Refer back to FIG. 3A and FIG. 3B. In step S303, the multiple sets of 3D data 3031-303N are input into the pre-trained model 302 to obtain multiple sets of predicted keypoint coordinates 3041-304N output by the pre-trained model 302. Each set of predicted keypoint coordinates includes predicted coordinates for multiple keypoints of the 3D entity. For example, the set of predicted keypoint coordinates 3041 includes the predicted coordinates of M keypoints of the 3D entity, output by the pre-trained model 302 based on the input of the 3D data 3031, such as the predicted coordinates 311 for the first keypoint, 312 for the second keypoint, and 31M for the M-th keypoint, and so on. The set of predicted keypoint coordinates 3042 includes the predicted coordinates of the M keypoints of the 3D entity, output by the pre-trained model 302 based on the input of the 3D data 3032, such as the predicted coordinates 321 for the first keypoint, 322 for the second keypoint, and 32M for the M-th keypoint, and so on. The set of predicted keypoint coordinates 304N includes the predicted coordinates of the M keypoints of the 3D entity, output by the pre-trained model 302 based on the input of the 3D data 303N, such as the predicted coordinates 3N1 for the first keypoint, 3N2 for the second keypoint, and 3NM for the M-th keypoint, and so on.
In step S304, a self-labeled dataset 305 is generated based on the multiple sets of 3D data 3031-303N and the multiple sets of predicted keypoint coordinates 3041-304N. More specifically, step S304 involves referencing the multiple sets of predicted keypoint coordinates 3041-304N to automatically generate a set of keypoint coordinate labels, with each set of keypoint coordinate labels, along with its corresponding set of 3D data, forming a set of self-labeled data in the self-labeled dataset 305.
In step S305, the self-labeled dataset 305 is used to train the pre-trained model 302 to create a fine-tuned model 306.
The trained fine-tuned model 306 can be deployed on the system 10 or another computing device for 3D keypoint detection of a 3D entity. As mentioned previously, in the inference phase of the fine-tuned model 306, a single 3D data view obtained from a single camera device is sufficient to detect the 3D coordinates of all keypoints of the 3D entity captured by that camera device, including keypoints in areas not directly visible to the camera. The detection results can be presented to the user through output devices such as a display, printer, or projector, or provided to other applications or systems via an application programming interface (API) for further processing, analysis, and application, such as anomaly detection, posture assessment, motion analysis, and real-time interaction in virtual reality (VR) or augmented reality (AR).
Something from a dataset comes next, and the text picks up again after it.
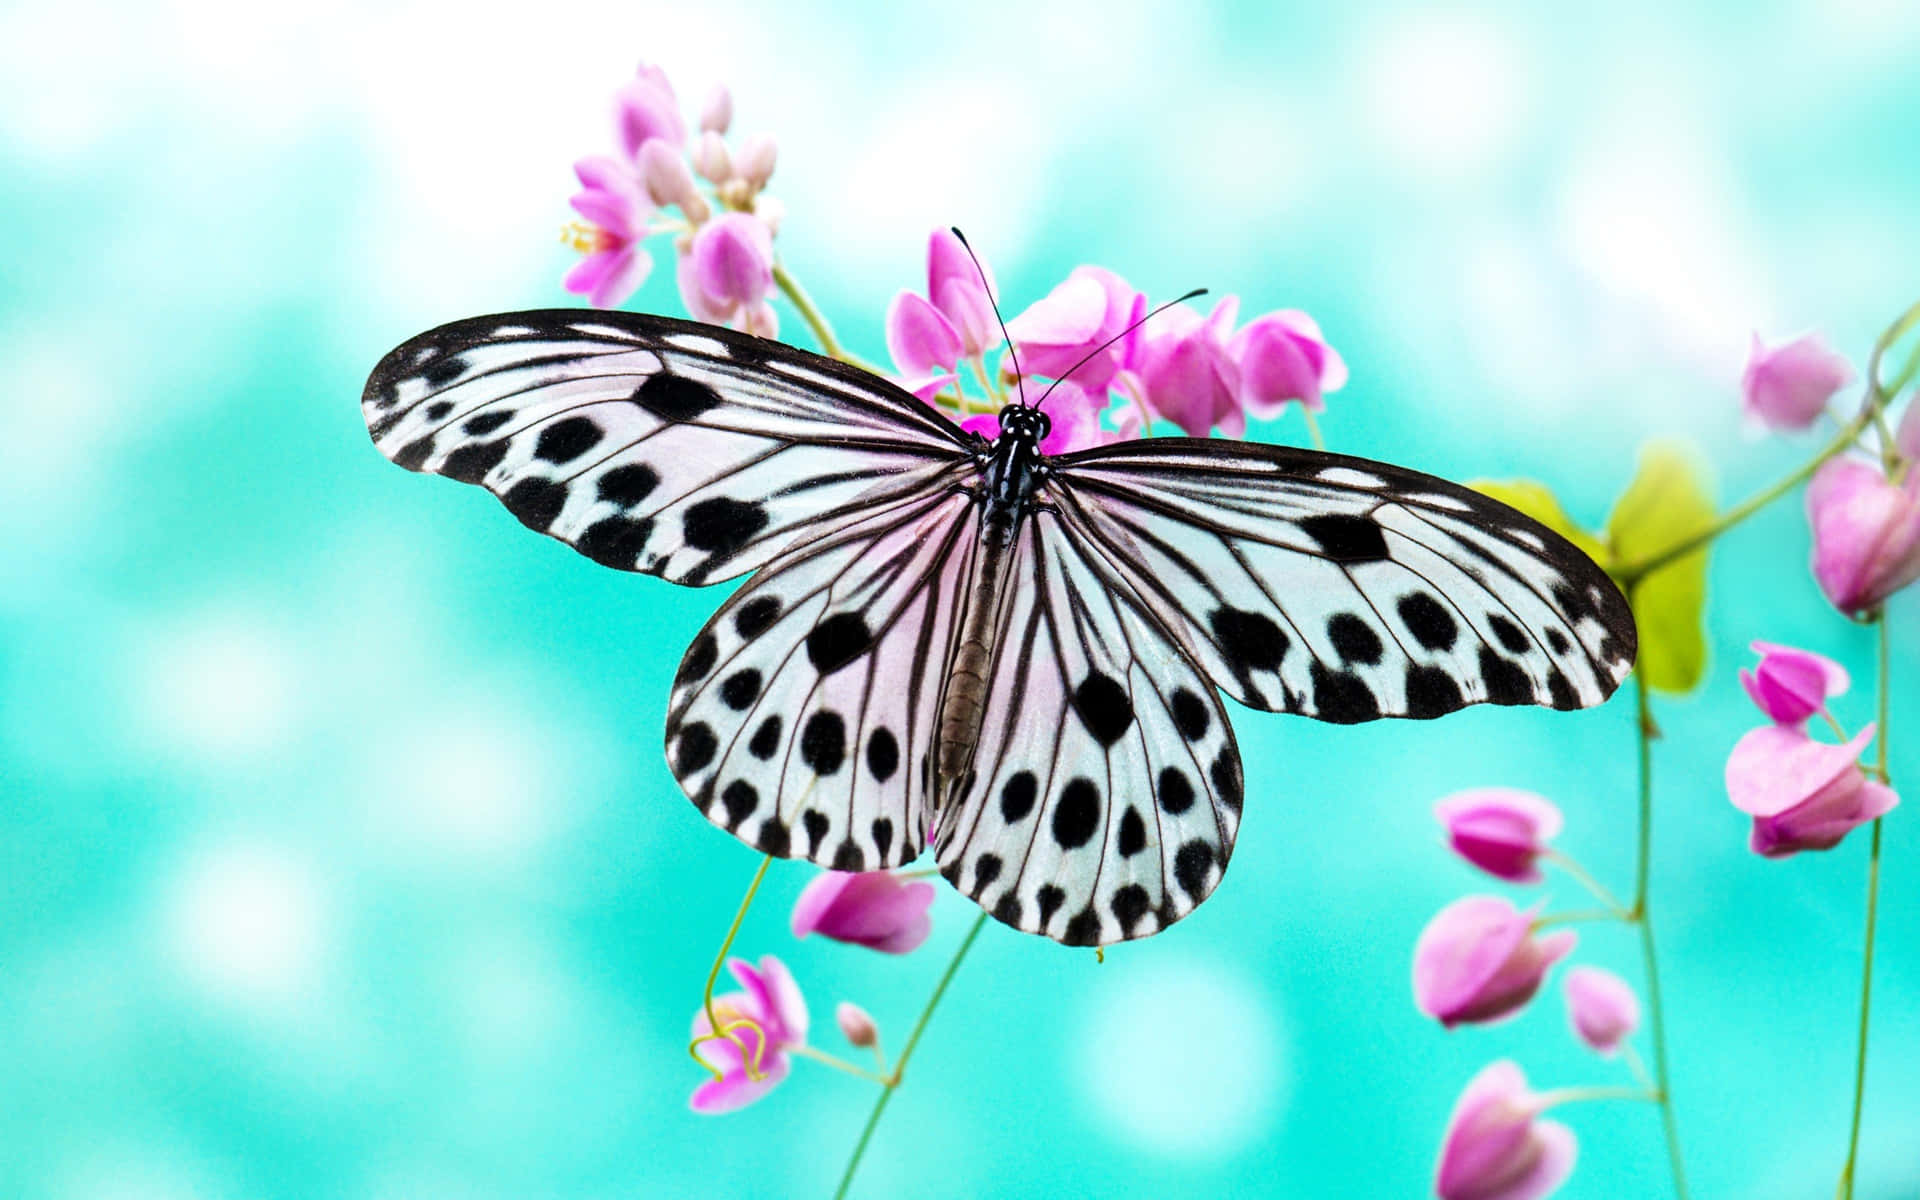 En sommerfugl sidder på en blomst, der blomstrer i et regnbue-fyldt himmel.

Since the self-labeled dataset 305 used to train the fine-tuned model 306 references results predicted by the pre-trained model 302 based on 3D data obtained from multiple aspects, the fine-tuned model 306, as a keypoint detection model, can more accurately identify and locate each keypoint of the 3D target entity, including those parts that may be easily occluded or difficult to detect from a single angle or viewpoint. By integrating data from multiple angles, the self-labeled dataset 305 enhances the accuracy and consistency of keypoints, enabling the fine-tuned model 306 to adapt more effectively to complex 3D environments in practical applications, thereby improving the overall performance of keypoint detection.
It should be appreciated that, since the camera devices 1031-103N capture the 3D entity from different angles (and, naturally, from different positions), the 3D data (e.g., 3D point clouds) obtained from the camera devices 1031-103N are likely to be in relative coordinates with the origin (0,0,0) at each camera device's position. Consequently, the coordinate values for a certain point in space obtained by the different camera devices 1031-103N may differ. To address this situation, in some embodiments, it is needed to transform the multiple sets of 3D data obtained from the camera devices 1031-103N into a unified coordinate system to correctly integrate them into self-labeled data.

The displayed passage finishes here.